ところがその板はごく薄いもので、長年使っているうちに、引き出しの重さを受けて、釘を打ったところが欠けたため、別の釘を打って修理した後がありました。修理したところも同じように板が欠け、釘がむき出しになっていて、板はずり落ちてしまっていました。
効いていない釘を三本抜いて、ボンドをつけて、曲がってしまっている板をはたがねで正しい位置に固定してから、細いねじ釘を外から打ちなおしました。

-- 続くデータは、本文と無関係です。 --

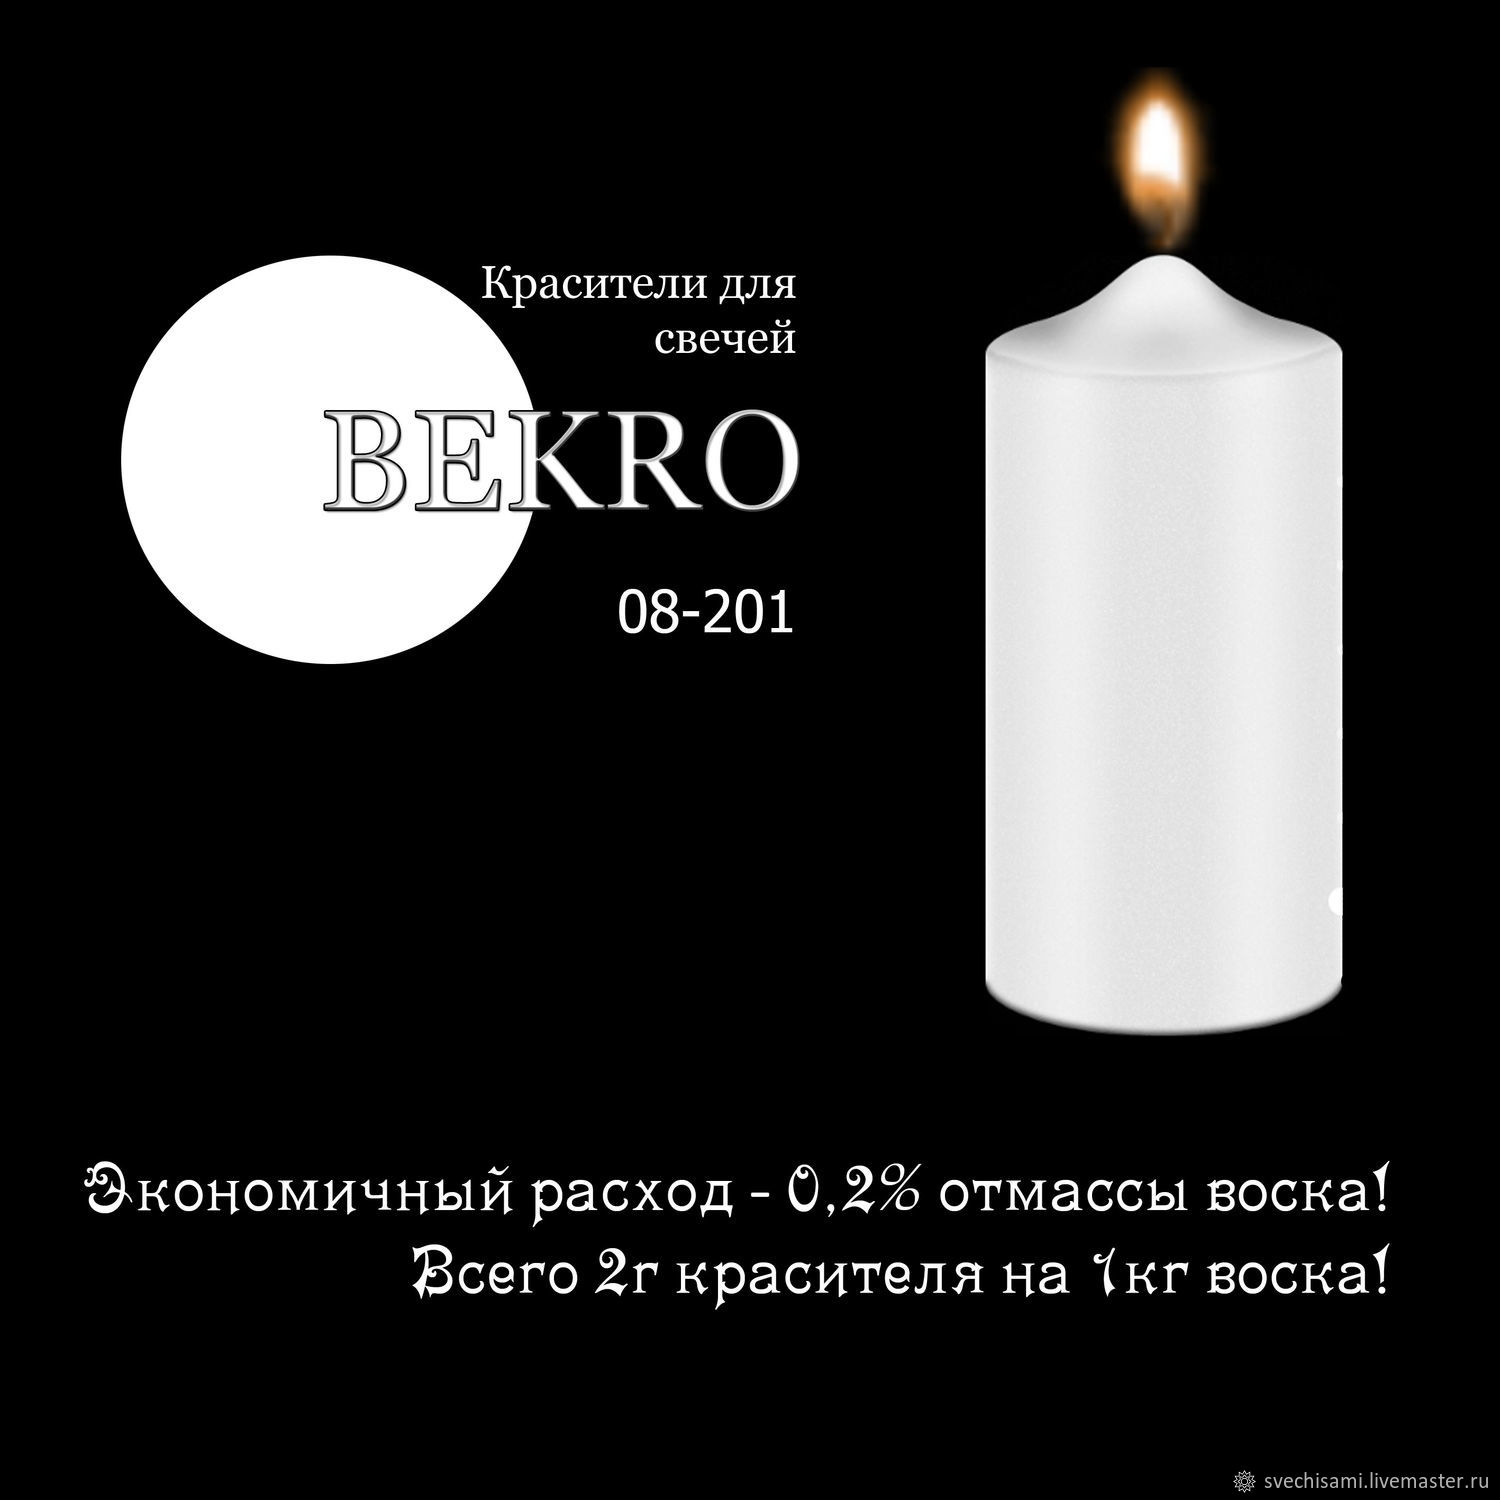 Свечи иваново купить. Краситель для свечей bekro. Bekro краска для свечи цвета. Bekro красители для свечей купить. Bekro краска для свечей палитра.

さて、上から二段目の引き出しは、どうしてもきちんと閉まりません。よくよく見たら、桟(上の写真の左から二本目)が手前に出過ぎていて、邪魔していました。
ということは、手芸店に置いてあるときからずっと、閉まっていなかったのです。桟を短く切ったらちゃんと閉まりました。
 
大量につくったであろう引き出しですが、接着剤は使っていないし、桟の長さも一定ではないし、全体に手づくり感があふれています。
きっと、家内工業のような小さな工場で、手分けしてつくったものなのでしょう。
本体はラワン材、引き出しはラワン材とラワン合板でできているので、1960年代か、70年代のものだと思われます。

1960年代は、服は誰もが手づくりがあたりまえの時代でした。
買った布に合わせて、どんな色の糸で縫おうかと、ミシン糸を選ぶのは、誰にとっても楽しい時間だったことでしょう。


修理が終わったら、どの引き出しも、すいすいと開くようになりました。


一番上の、「折鶴印御縫糸」とガラスに書いてある引き出しだけ、三つに仕切ってあります。
はさみやラベルなど、糸ではないものも入れられるけど、大量にストックしなくてはならなかった、需要の多い白糸と黒糸のストックを入れていたのだろうと推察します。


二段目の引き出しからは、全部同じつくりです。

これに、ボルトやナット、ワッシャーなど、細々したものを入れるつもりです。
ガラスのついている前面の引き出しに見本を入れて、その奥に三種類のパーツを入れることができます。
この小引き出しだけで、75種類の細々したものを収納しておけるはずです。素晴らしい!